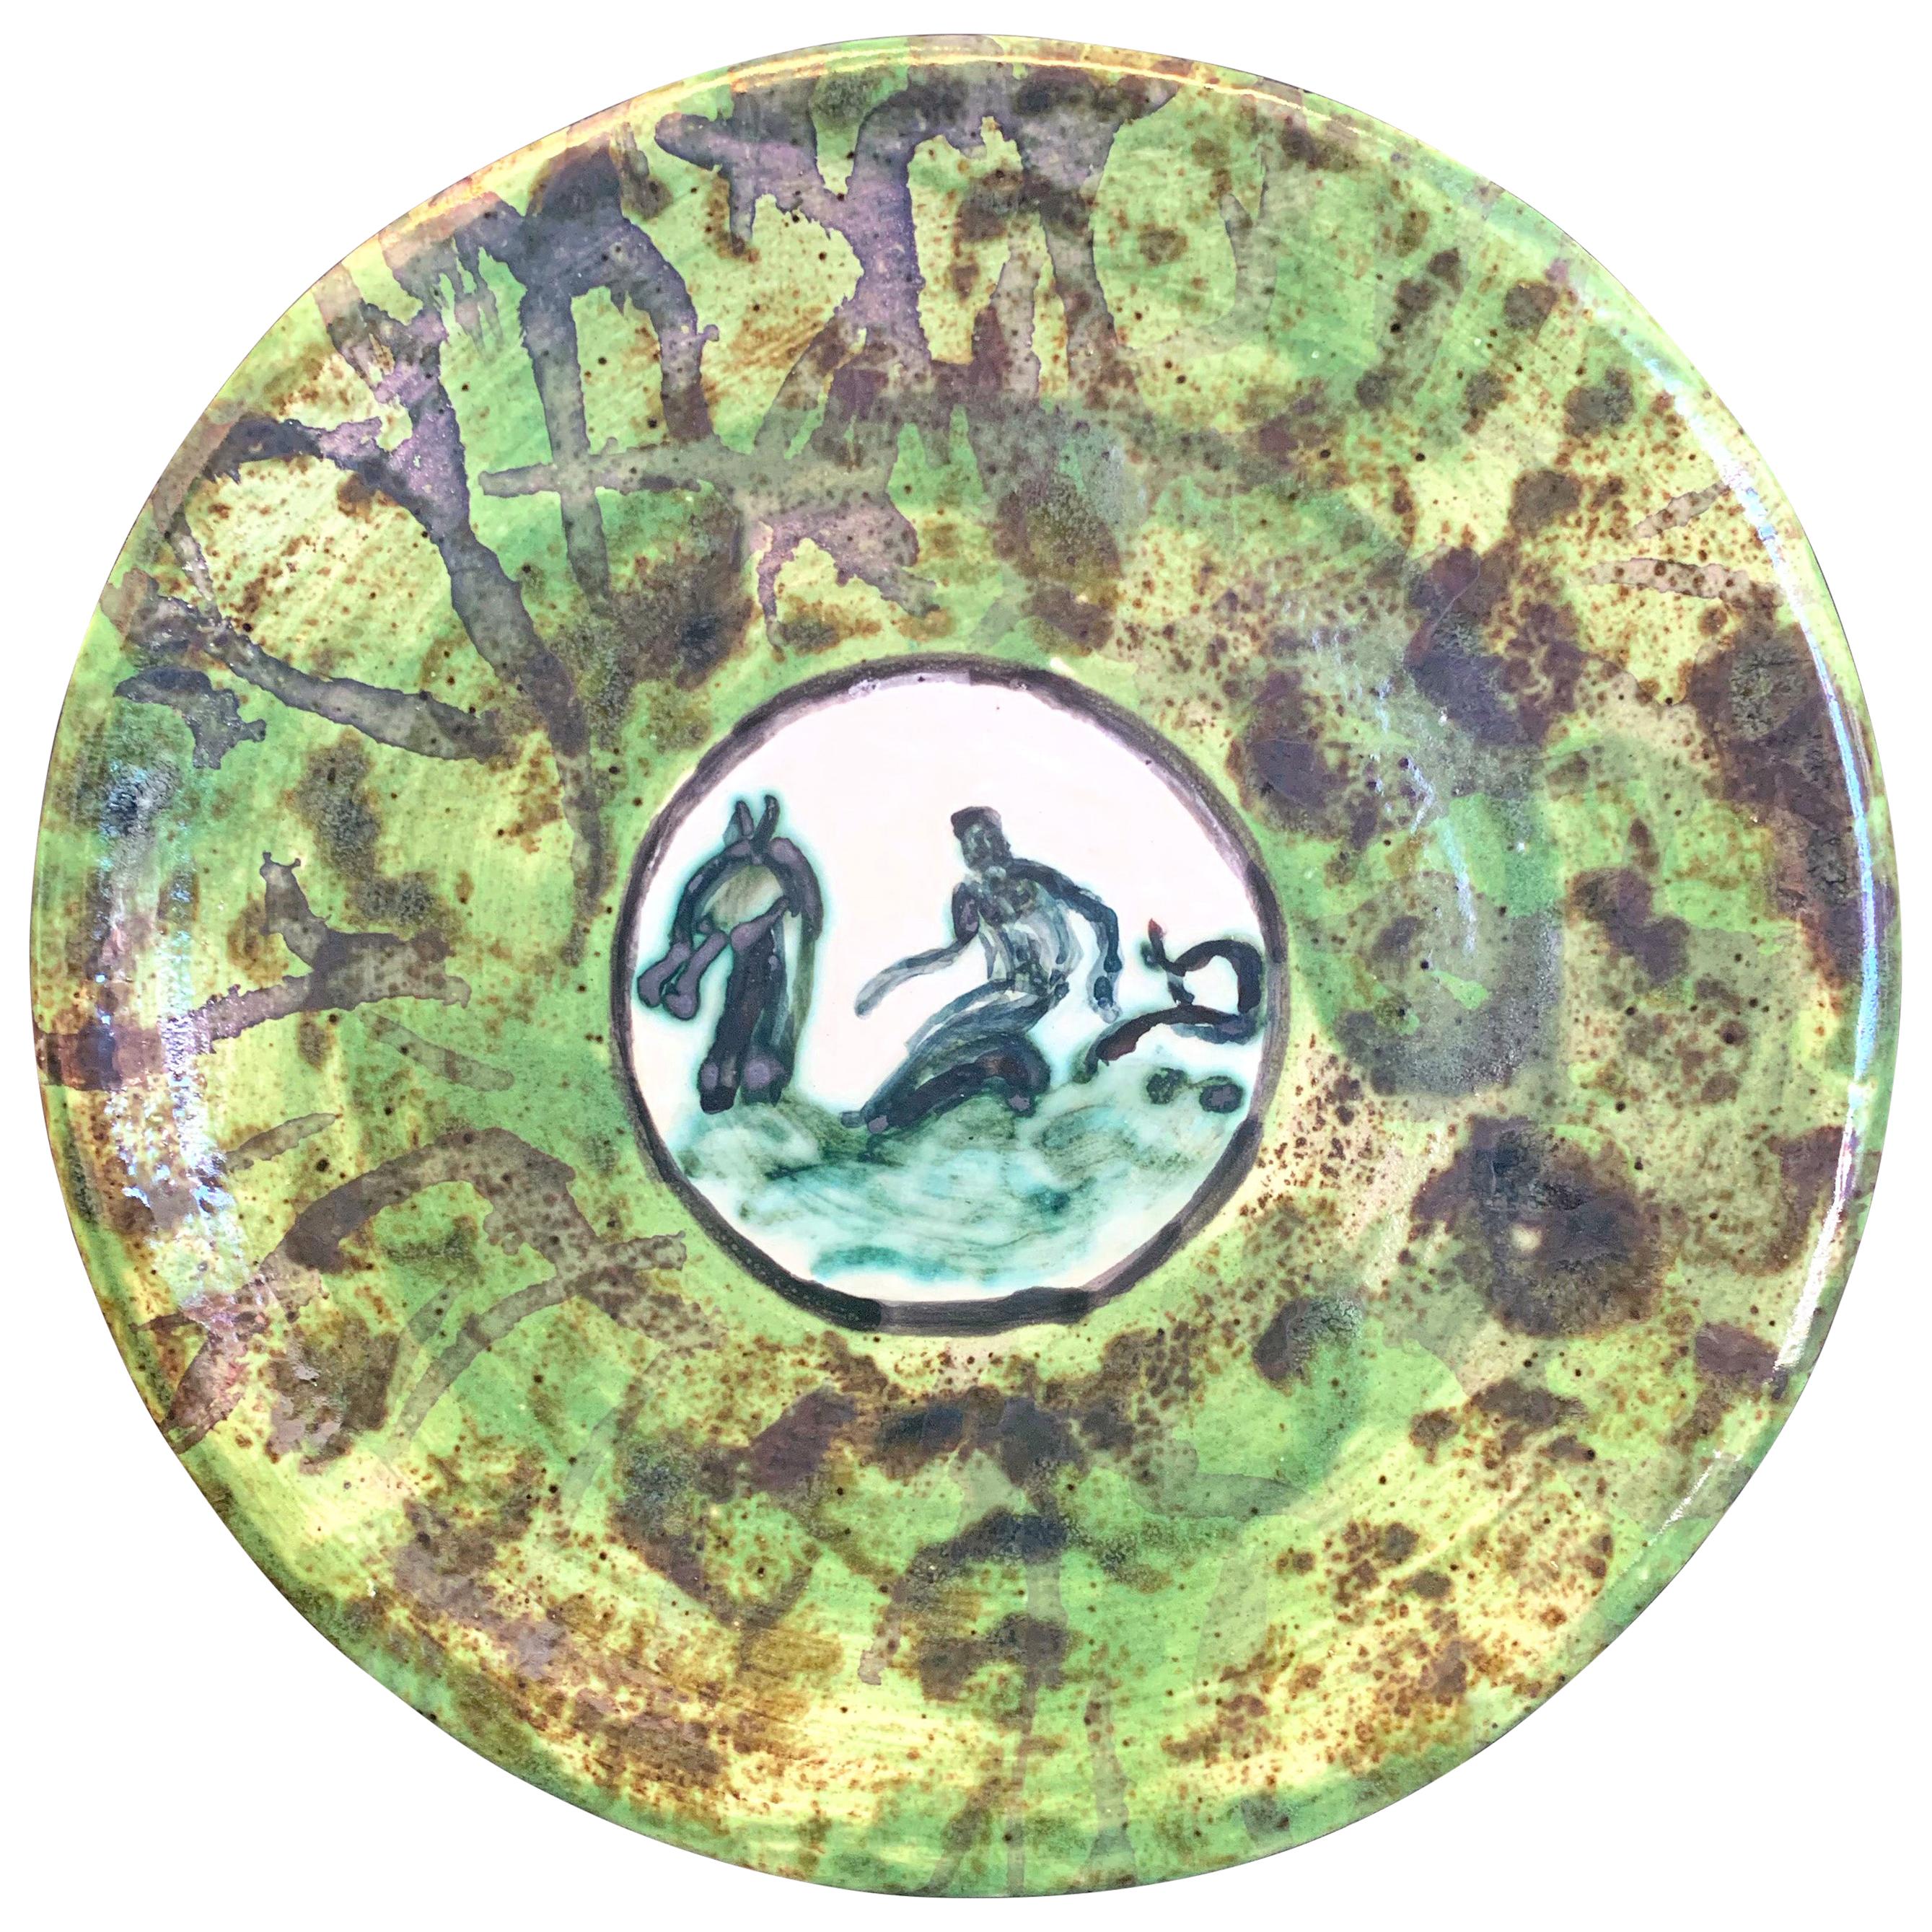 "Neptune Riding Sea Dragon, " Striking Art Deco Plate by Ceramics Master Mayodon
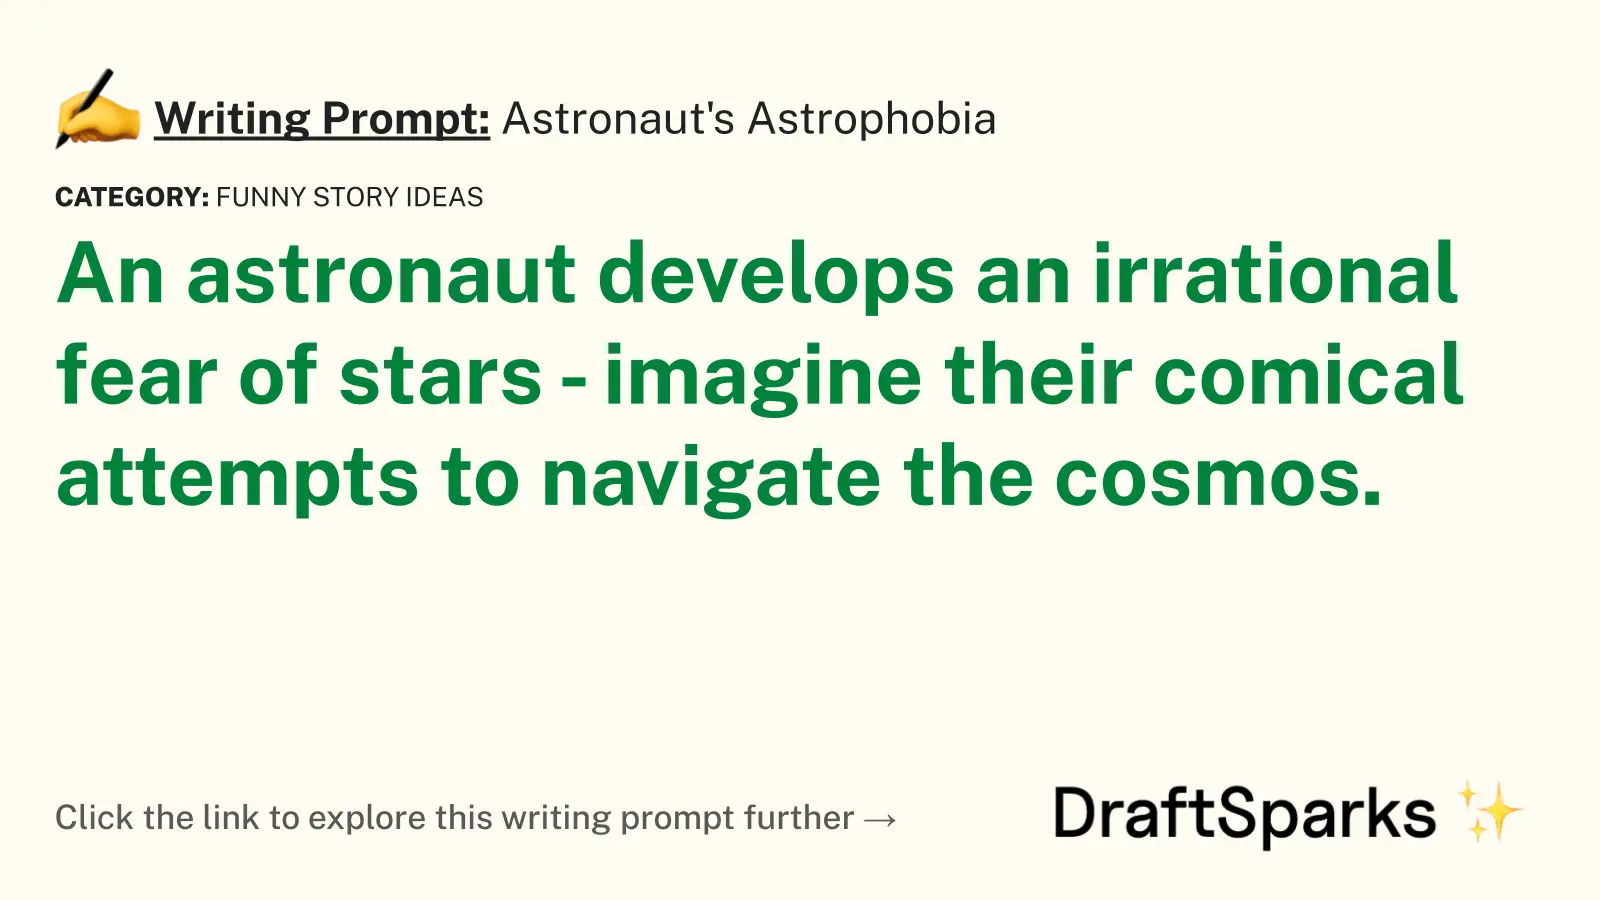 Astronaut’s Astrophobia
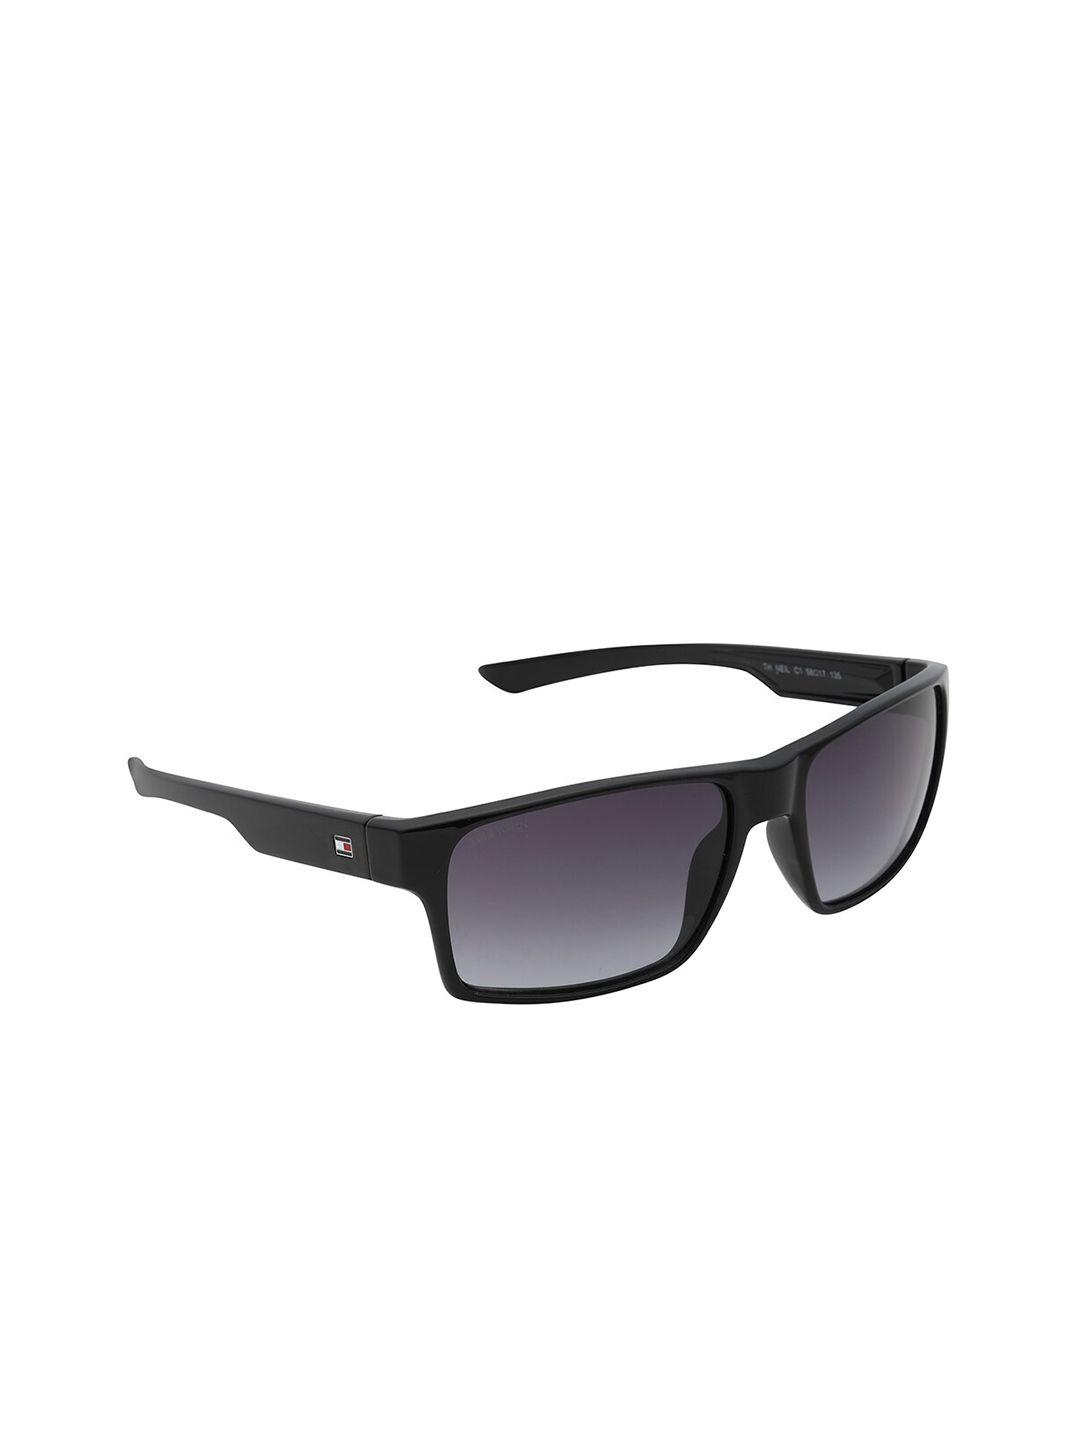 tommy-hilfiger-men-grey-lens-&-black-rectangle-sunglasses-with-uv-protected-lens
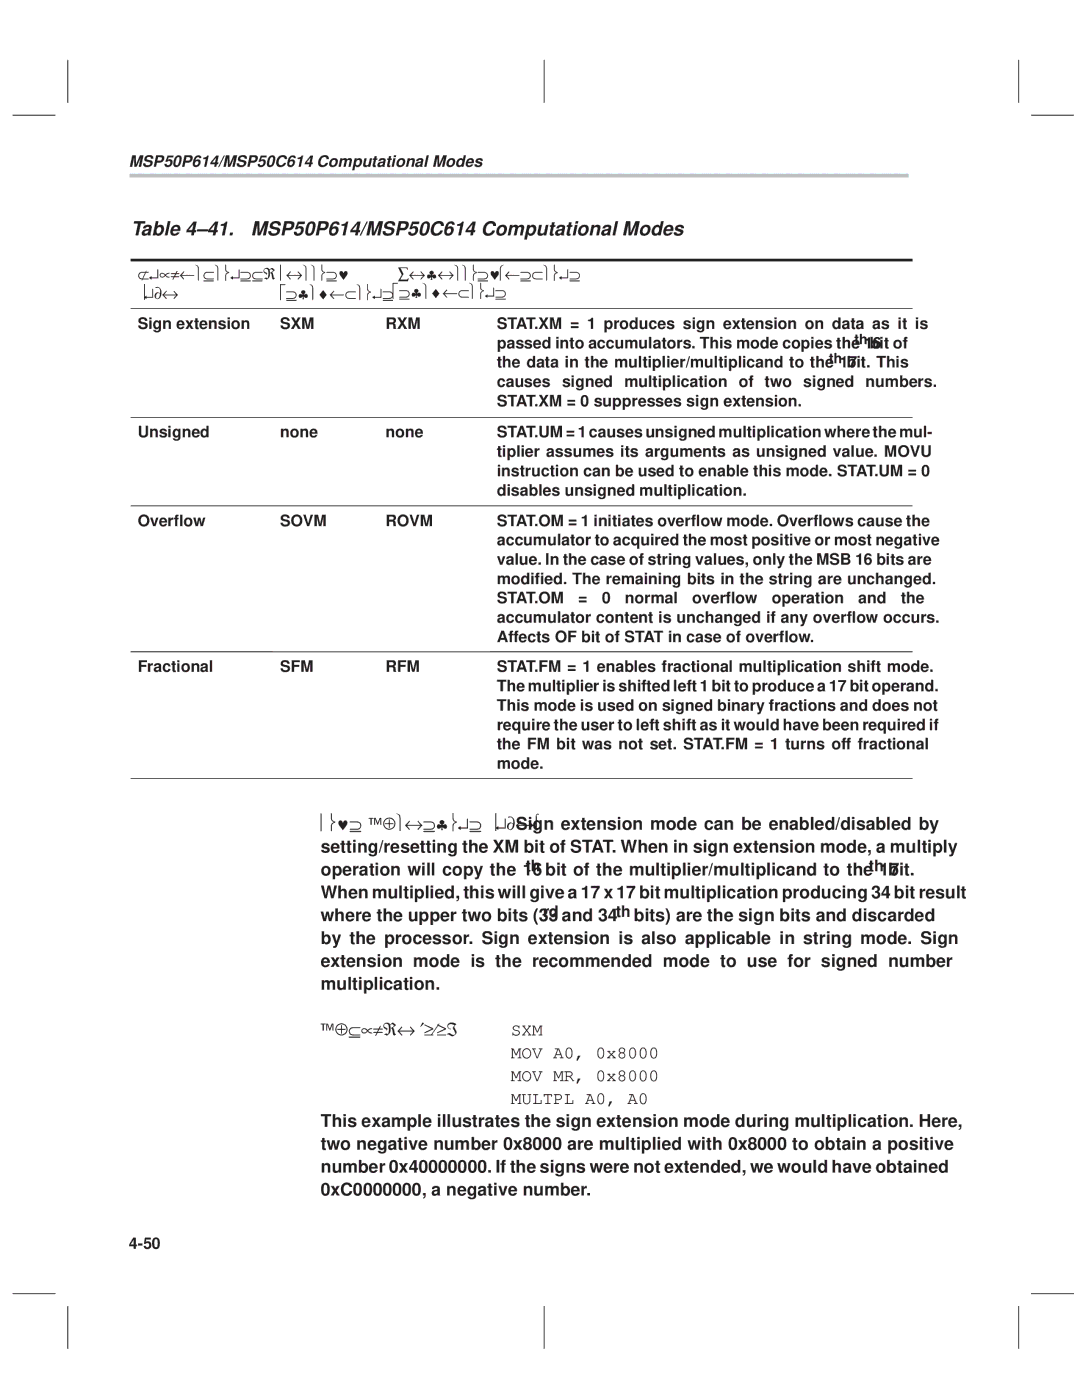 Texas Instruments manual ±41. MSP50P614/MSP50C614 Computational Modes

• **Assignment**:
Pictures aside, return all of the material exactly as written.

• **Answer box**:
 "Neptune Riding Sea Dragon, " Striking Art Deco Plate by Ceramics Master Mayodon
 Astronaut’s Astrophobia
 tommy-hilfiger-men-grey-lens-&-black-rectangle-sunglasses-with-uv-protected-lens
 Texas Instruments manual ±41. MSP50P614/MSP50C614 Computational Modes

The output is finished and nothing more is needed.